Выбрать главу

Даже «голова» русских европейцев и то была не единая, а с очень заметным делением на дворянство и интеллигенцию (то есть уже, считай, две головы, и у каждой свое мнение о судьбах России). А к тому же еще подрастала третья, и тоже русская голова… Первые две головы были имперскими, пытались мыслить в масштабах всех трех ветвей русского народа (великорусской, малорусской и белорусской) всего государства. А третья голова вырастала даже не русская, а скорее великорусская; эта «голова» осмысливала национальные проблемы великорусского народа. Н. Клюев, Б. Корнилов и С. Есенин вовсе не отражали мнений и интересов украинского или белорусского крестьянства. Они были намечающейся, только-только выделяющейся из «туловища» «головой» русских… вернее, великорусских туземцев.

Точно так же украинских писателей и поэтов, духовных окормителей Петлюры, можно назвать намечающейся головой украинских туземцев.

Эти туземные головы отрывались чуть позже, чем первые две — европейские. Но отрывались неукоснительно и жестоко, тогда как все местные туземные «головы», которые начали было подниматься в начале XX века у многих народов империи, имели шансы сохраниться — после деформаций, искажений, советизирований, частичных отрываний. Сохраниться, конечно же, в республиках.

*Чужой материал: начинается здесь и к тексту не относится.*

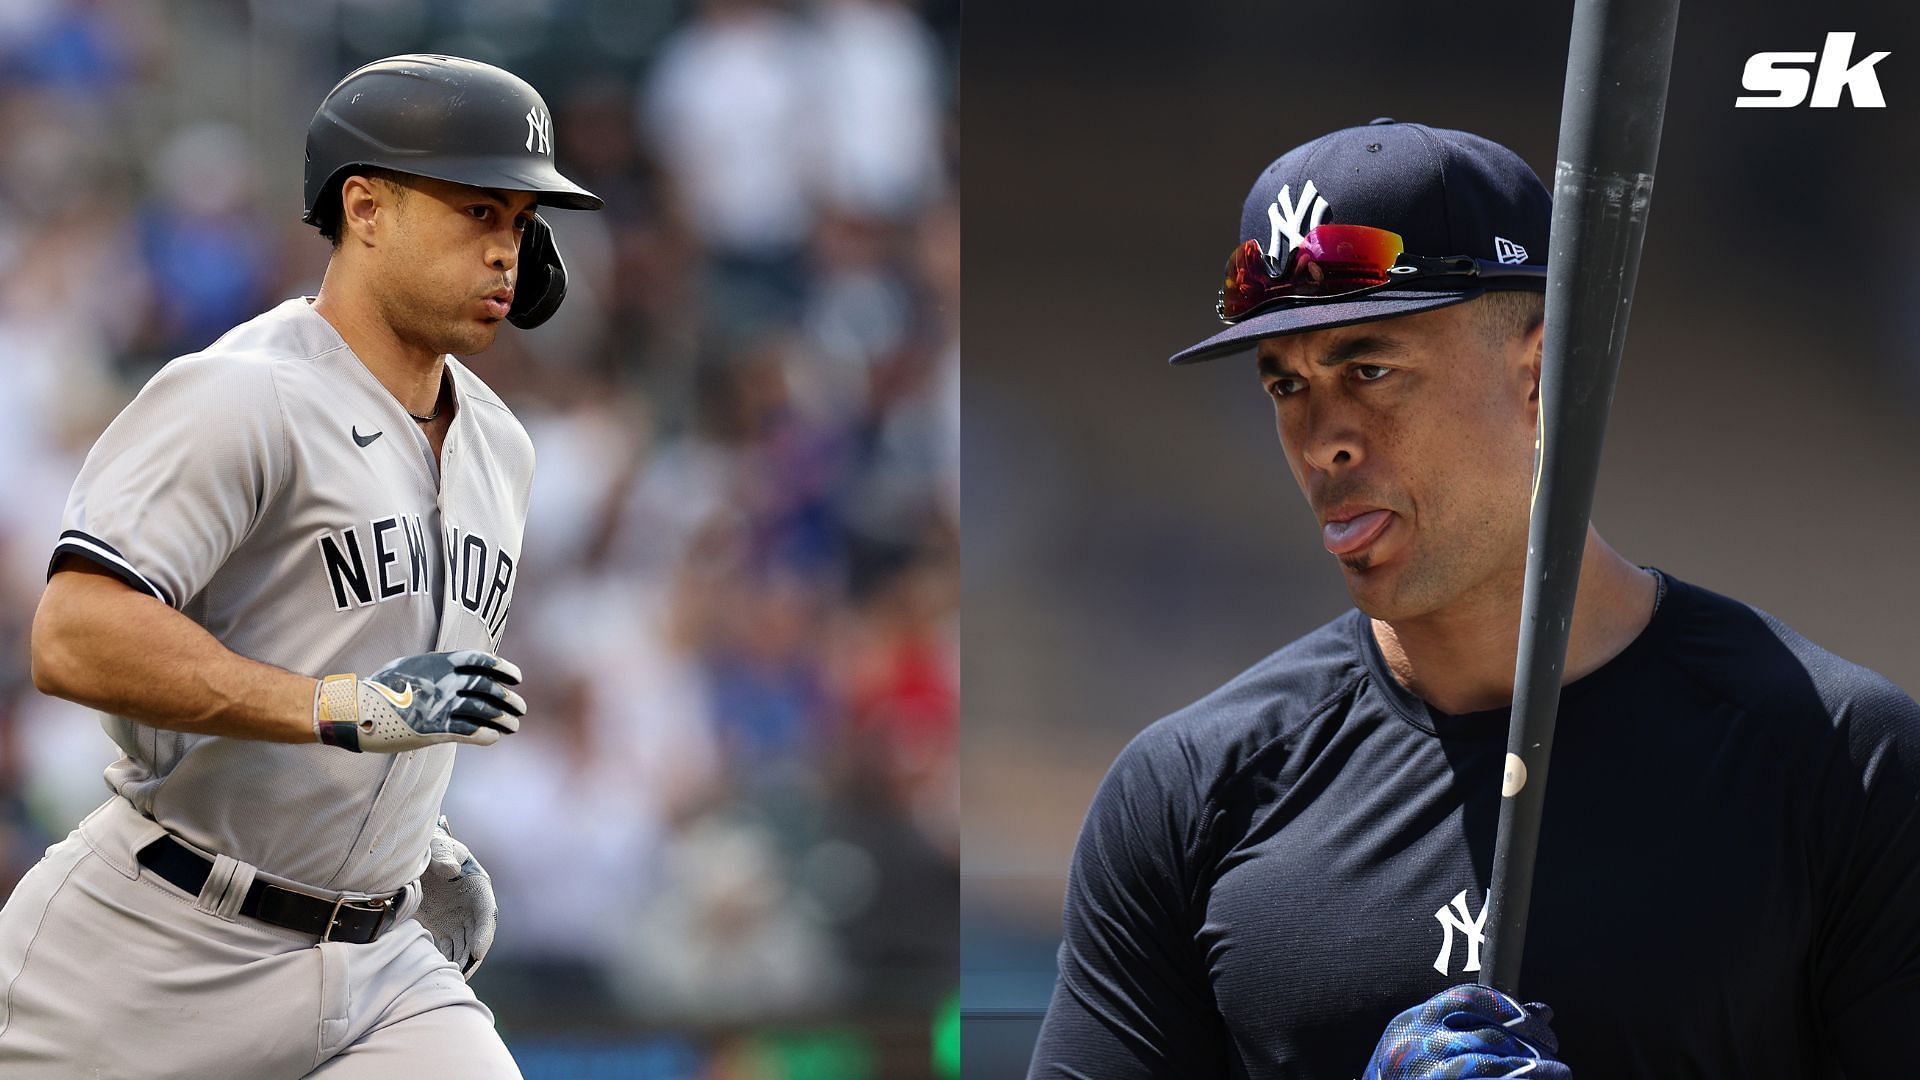 Giancarlo Stanton appears to be somewhat cursed

А вот русская «голова» уцелеть не могла решительно никак — и европейская, потому что она слишком мешала планам большевиков, да и очень уж сопротивлялась. И туземная полумужицкая голова, великорусская интеллигенция первого поколения, никак не могла уцелеть — как из-за своей национальной ориентации, так и из-за своей скотской мужицкой сущности. Ведь крестьяне, если читатель не забыл, — это пережившие свою эпоху люди новокаменного века, мерзкие и нелепые. Под корень их!

Николай Клюев, Павел Радимов, Петр Орешин, Сергей Есенин, Борис Корнилов… Из этих имен сколько-нибудь широко известно разве что имя Сергея Есенина, — но он-то известен с дореволюционных лет. И то не уцелел.

Эти люди были уничтожены в тридцатые годы, после продолжительной травли. В этой травле активнейшим образом участвовали и В. Инбер, и Д. Алтаузен, и М. Зощенко, и многие наши знакомые по тому «идейному пароходу», воспевшему Беломорканал. Журналист Я. Эйдельман, отец известного историка, тоже усердствовал в травле — похоже, что вполне идейно. Ну не любил он России, презирал ее певцов, что тут поделать.

Впрочем, и единой еврейской «головы» тоже как-то не заметно. Есть некая еврейская часть русской имперской интеллигентской «головы». Большая часть этих евреев была вынуждена бежать из страны. Даже в этом их участь была, чаще всего, все-таки легче и удобнее, чем у русских. Легко уехал за границу художник Леонид Осипович Пастернак — отец знаменитого писателя (в 1921 году). Жил с советским паспортом, но «почему-то» во Франции, потом в Британии, где и умер в 1945.

А вот ученик Репина, Исаак Израилевич Бродский, вовсе не уехал. Это И. Репин оказался за границей Советской России в 1918 году, когда границу Финляндии и Совдепии провели чуть ли не возле последних домов Петрограда и дачные поселки на Карельском перешейке оказались на территории Финляндии. Что характерно, до самой своей смерти в 1930 году Илья Репин и не подумал появиться в Ленинграде, и даже в свою квартиру за личными вещами послал кухарку. Так и жил себе доживал на собственной даче и одновременно — в эмиграции.

Так вот, И. И. Бродский в Советской России остался и создал целую серию очень назидательных полотен: «Расстрел 26 бакинских комиссаров», «Торжественное открытие II конгресса Коминтерна», «Ленин на фоне Кремля», «Нарком на прогулке», портреты прочих официальных лиц. До сих пор улица, ведущая от Невского проспекта к Русскому музею, носит имя Бродского.

Точно так же остался и Борис Леонидович Пастернак; не скоро напишет он «Доктора Живаго»! Долгое время он будет совершенно очарован происходящим в стране, личностью Сталина:

А в те же дни на расстоянье, За древней каменной стеной, Живет не человек — деянье, Поступок ростом с шар земной. В собранье сказок и реликвий, Кремлем плывущих над Москвой, Столетья так к нему привыкли, Как к бою башни часовой.

Наступит день… вернее, ночь, и в квартире Б. Л. Пастернака раздастся звонок. Глуховатый голос «кремлевского горца» спросит — не хочет ли писатель с ним встретиться?

— Надо, надо, Иосиф Виссарионович, — поддакнет Борис Леонидович, — необходимо встретиться, поговорить о жизни и смерти.